DATASET EXCERPT:
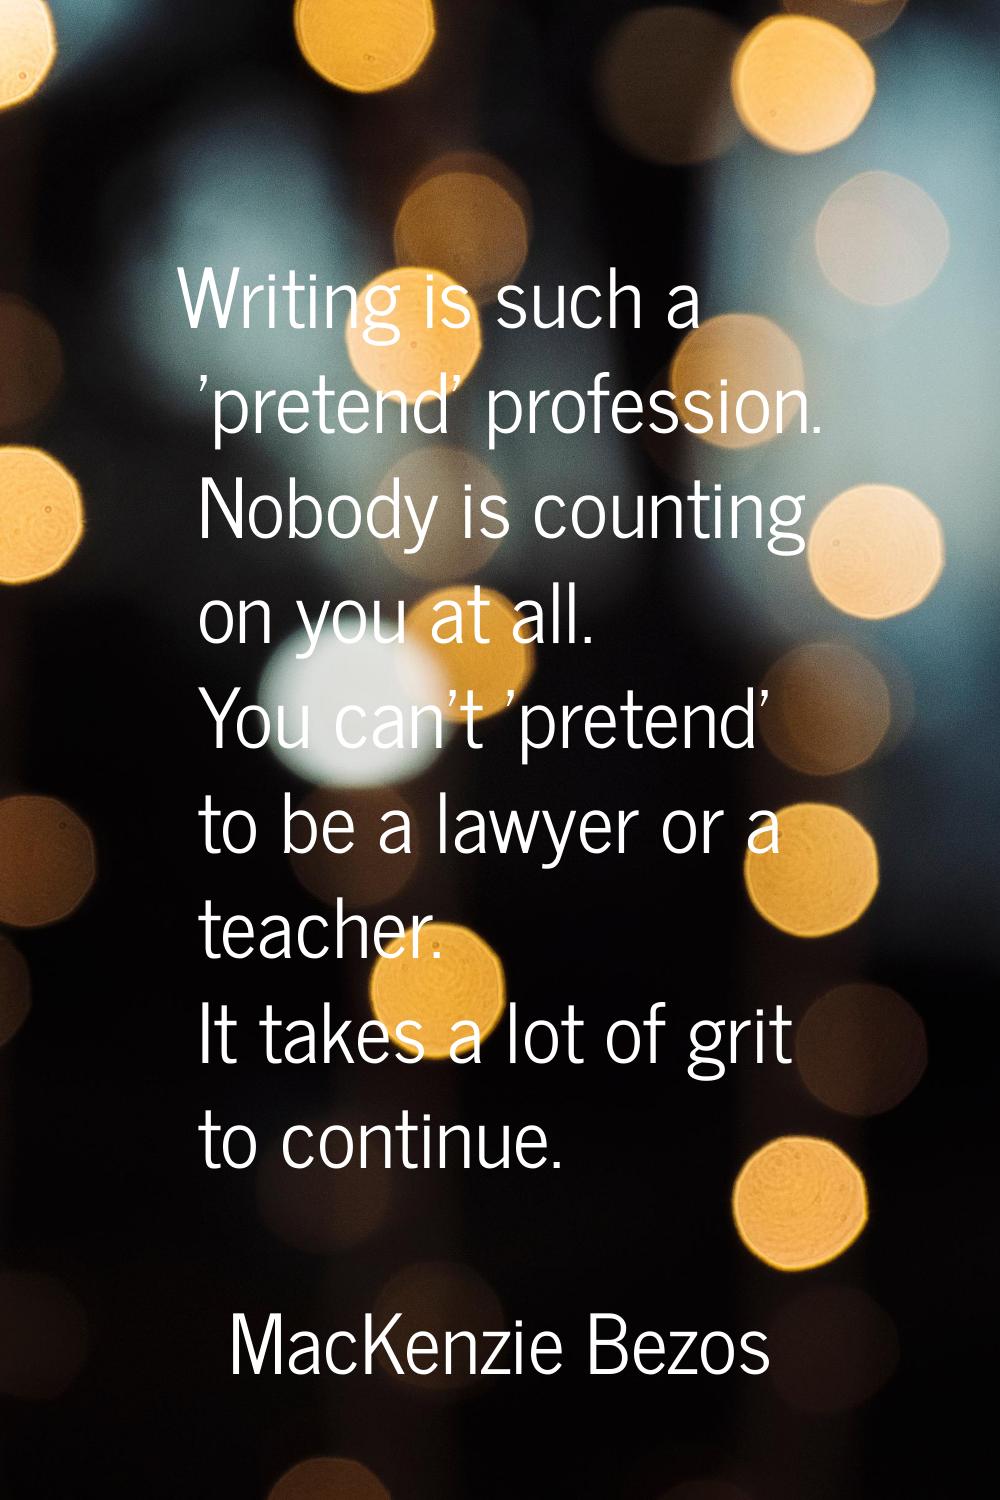 Writing is such a 'pretend' profession. Nobody is counting on you at all. You can't 'pretend' to be
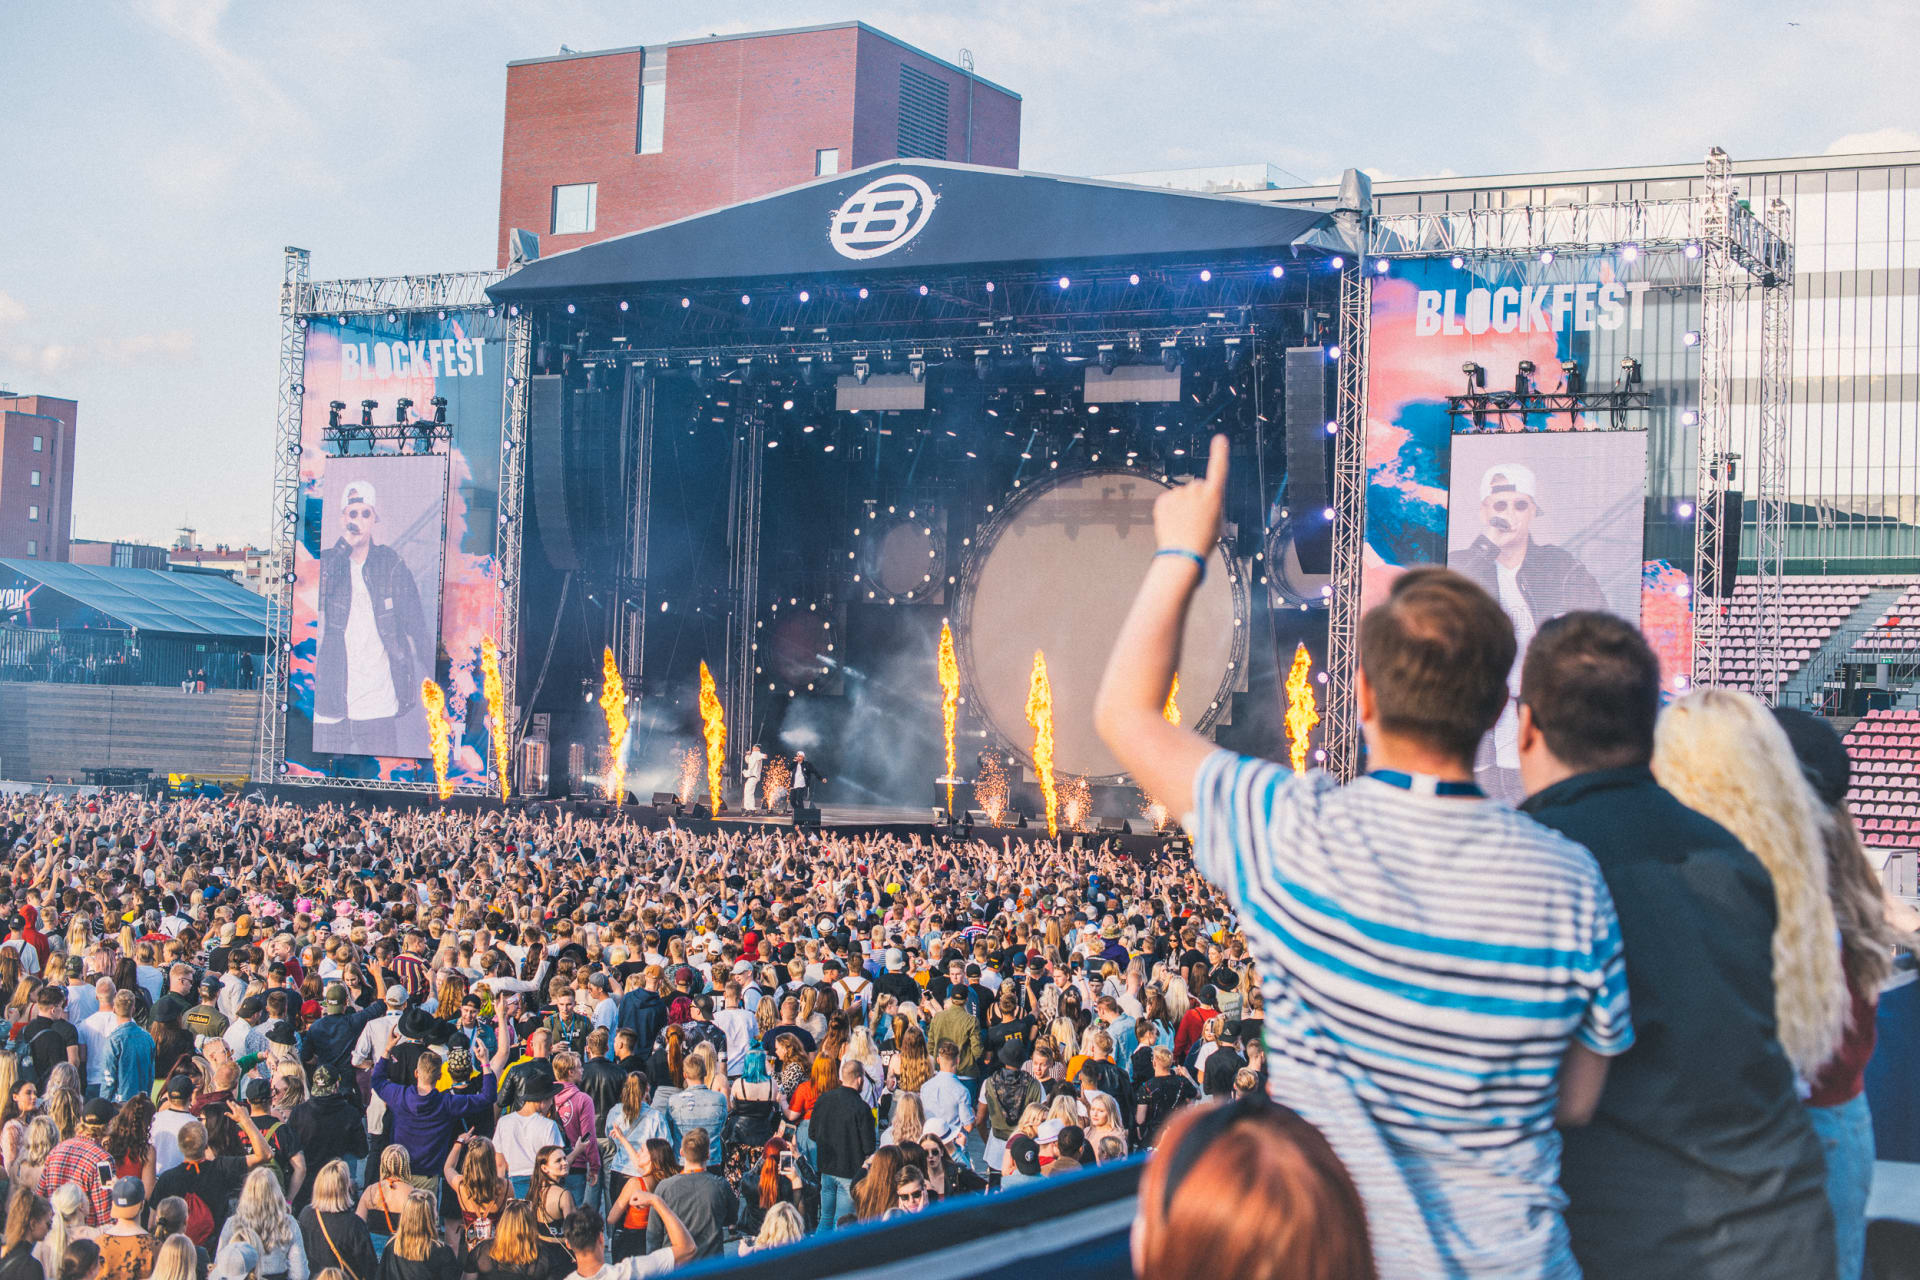 Nordics largest hiphop festival takes place on August 19-20 in Tampere.
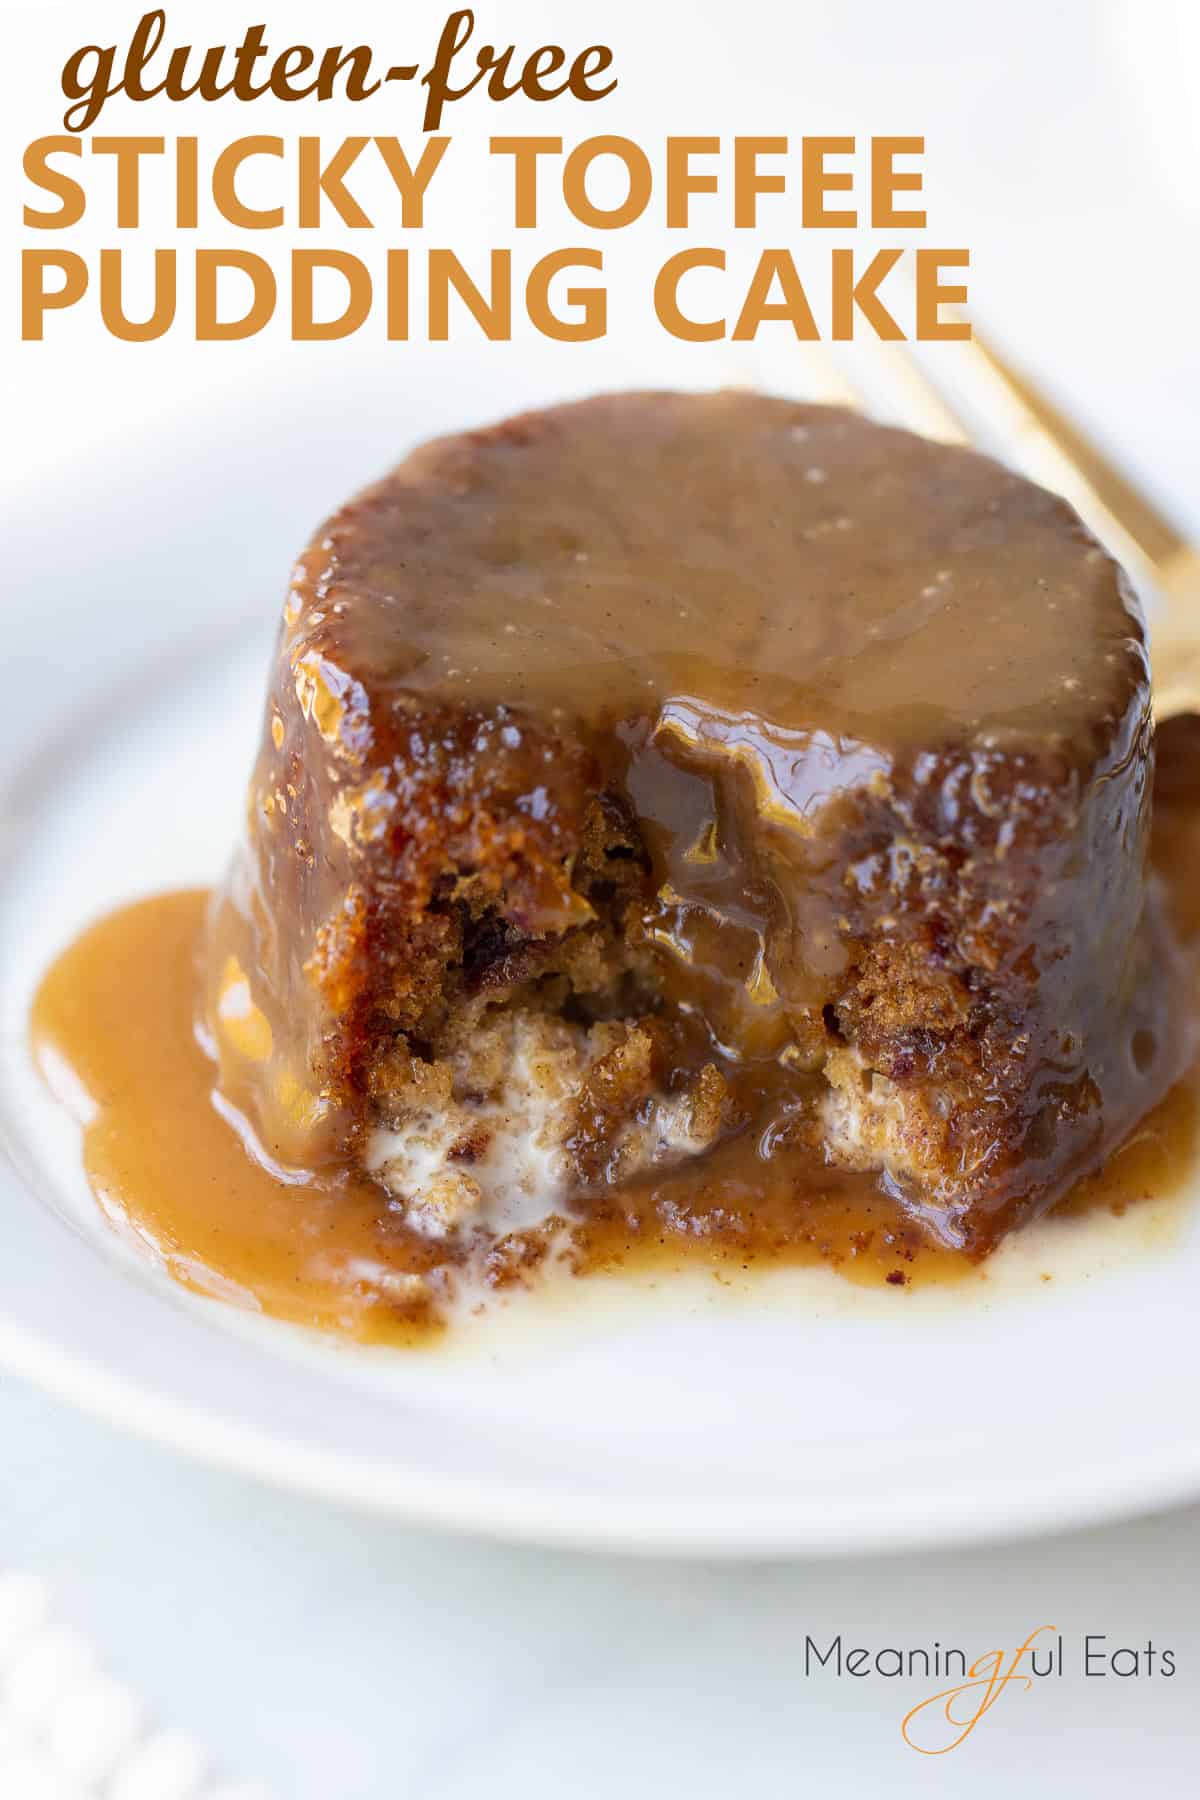 image for pinterest - close up shot of sticky toffee pudding covered in sauce on white plate

WHAT TO WORK ON:
Reproduce the full listing faithfully, but do not carry over any pictures.

SOLUTION FOR THIS PROBLEM:
 Writing is such a 'pretend' profession. Nobody is counting on you at all. You can't 'pretend' to be
 Nordics largest hiphop festival takes place on August 19-20 in Tampere.
 image for pinterest - close up shot of sticky toffee pudding covered in sauce on white plate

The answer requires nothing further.